Monday, September 28, 2020

Swine Flu Sweeps the Globe

The World Health Organization has reported that 1300 cases of Swine Flu have been confirmed worldwide. 149 deaths alone have been reported in Mexico, where the virus appears to have started. The United States has not yet reported any deaths, despite 40 known cases of infection in New York, Texas, California, Kansas and Ohio. Cases have also been reported Scotland, Israel, Spain, and New Zealand.

The U.S. Center for Disease Control announced that it would recommend no nonessential travel to Mexico “out of an abundance of caution.” Another method of precaution will be that border patrols in ports and airports will ask travelers about their health. Seven of these cases have been found in U.S.-Mexico border areas including Imperial and San Diego counties in California, as reported by the California Department of Public Health.

Ronald Owens, spokesperson for the CDPH said, “Swine flu is a respiratory disease of pigs caused by type A influenza viruses that causes regular outbreaks in pigs.”

The virus principally attacks pigs, with a low rate of immortality and rarely affects humans.

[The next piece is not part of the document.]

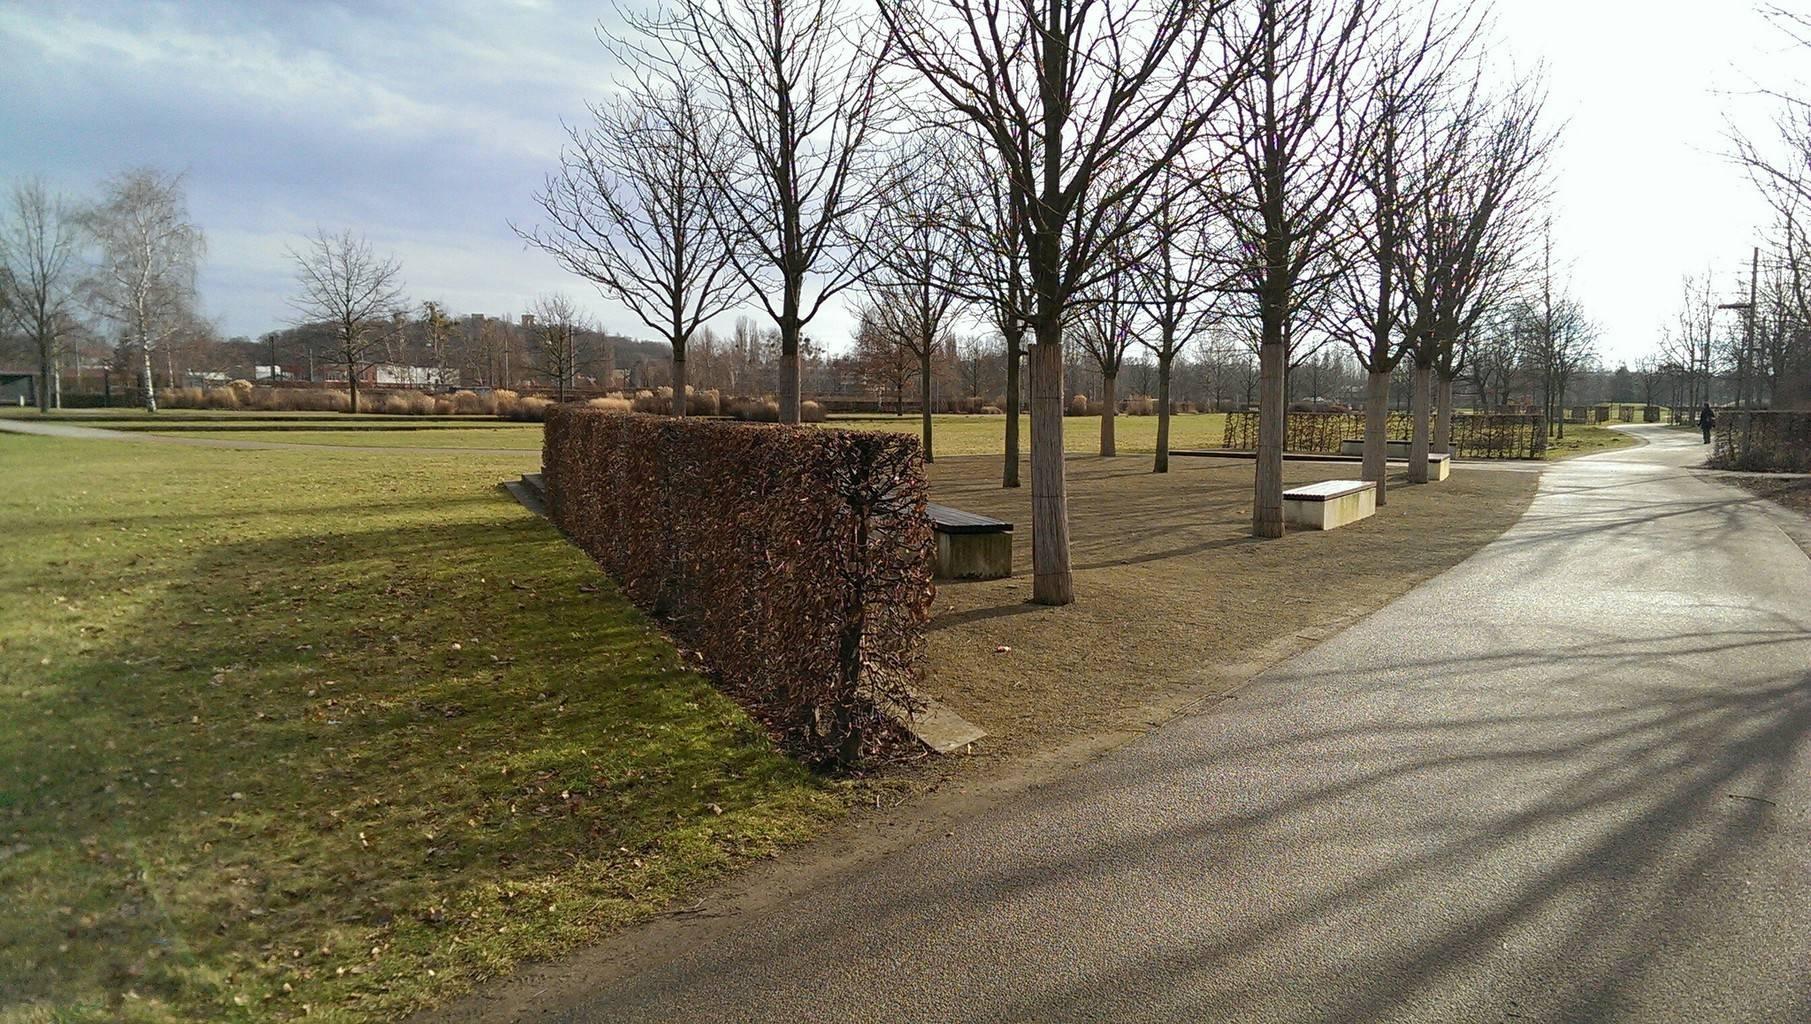 66 Seen Weg Etappe Marquardt Potsdam Rb Marquardt S Potsdam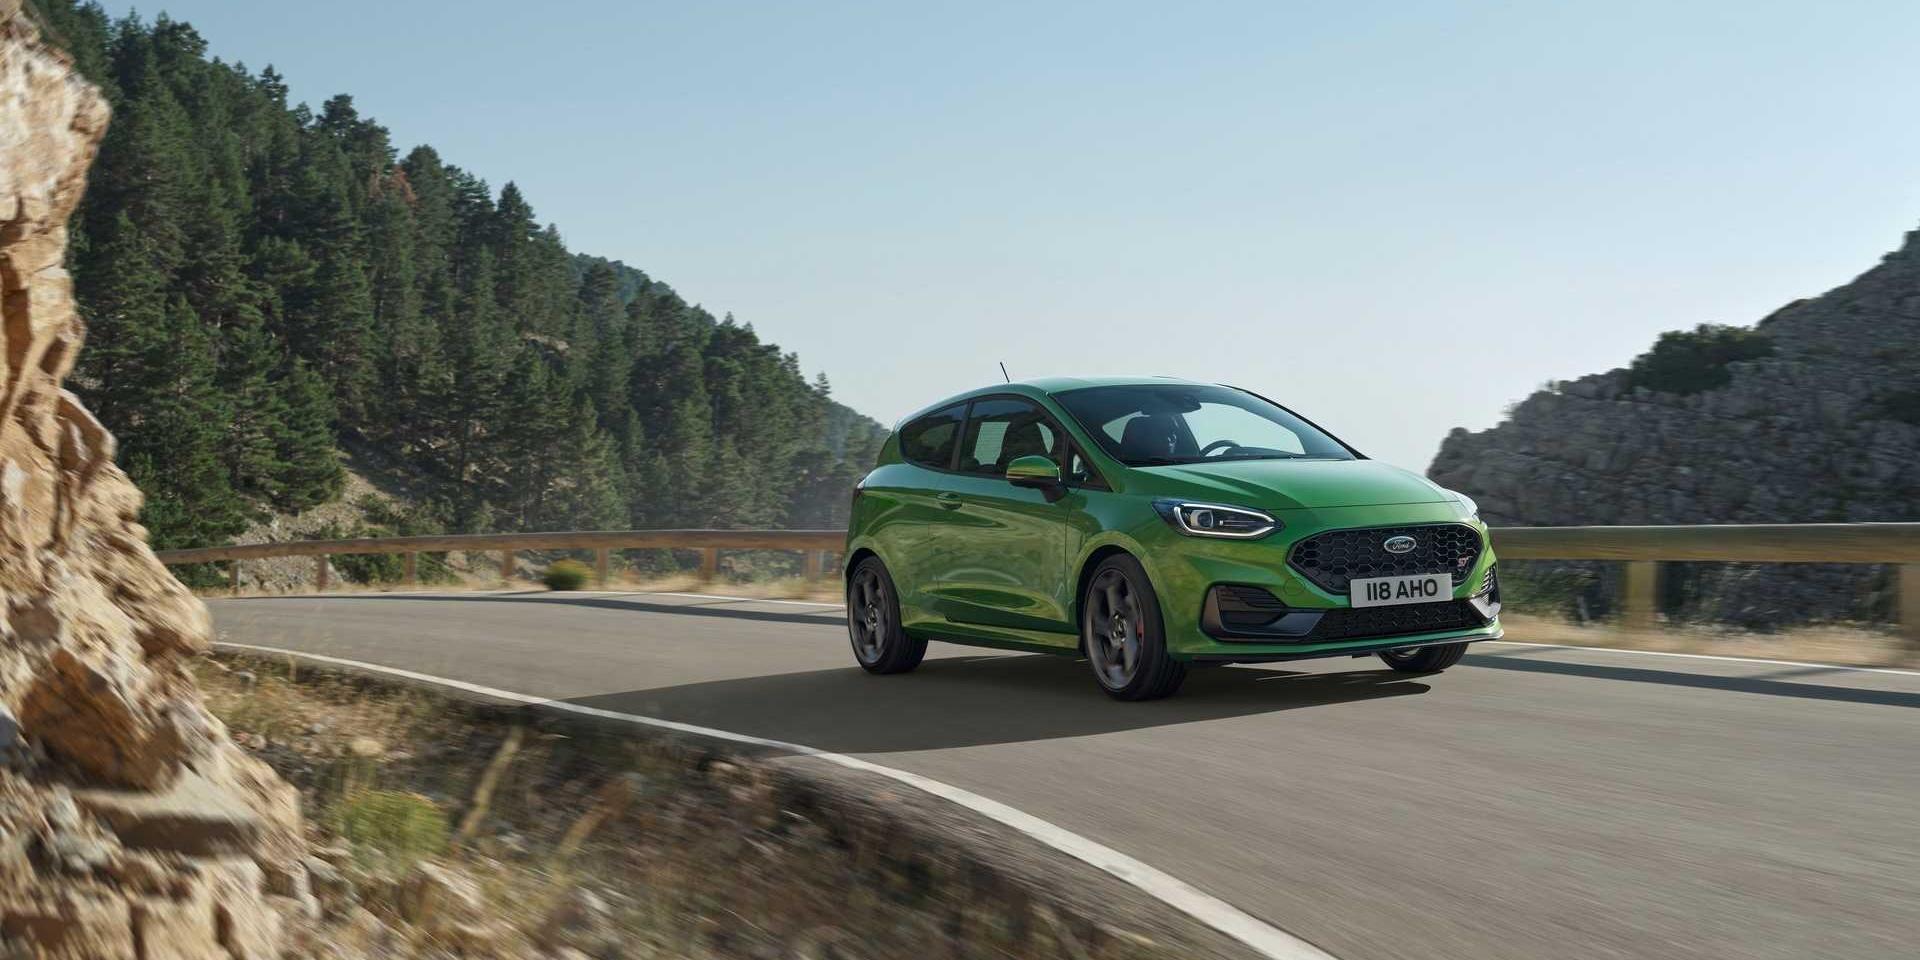 Ford Fiesta小改款擁有48V!LED矩陣式頭燈上身 ST性能表現更好!

There have been only 12 reported cases of swine flu from December 2005 until February 2009.

In a press conference yesterday at the White House, Janet Napolitano, Secretary of Homeland Security said that states and municipalities will receive funds to help with prevention of this epidemic.

The U.S. has declared a “public health emergency,” though Janet Napolitano yesterday cautioned, “That sounds more severe than really it is.”

Napolitano has been designated by President Barack Obama to lead efforts for this epidemic, now that it has already become an epidemic in Mexico. In Mexico City, authorities have closed all schools and universities until further notice because of the virus, and military troops distributed 4 million filter masks in the city of 20 million residents.

According to Mexico City Mayor Manuel Ebrard many of those affected are young adults, “Fifteen people in Mexico City who are suspected to have died from the virus were 25 to 37 years old.” The high proportion of young adults among the fatalities is one of several mysteries about this recent epidemic.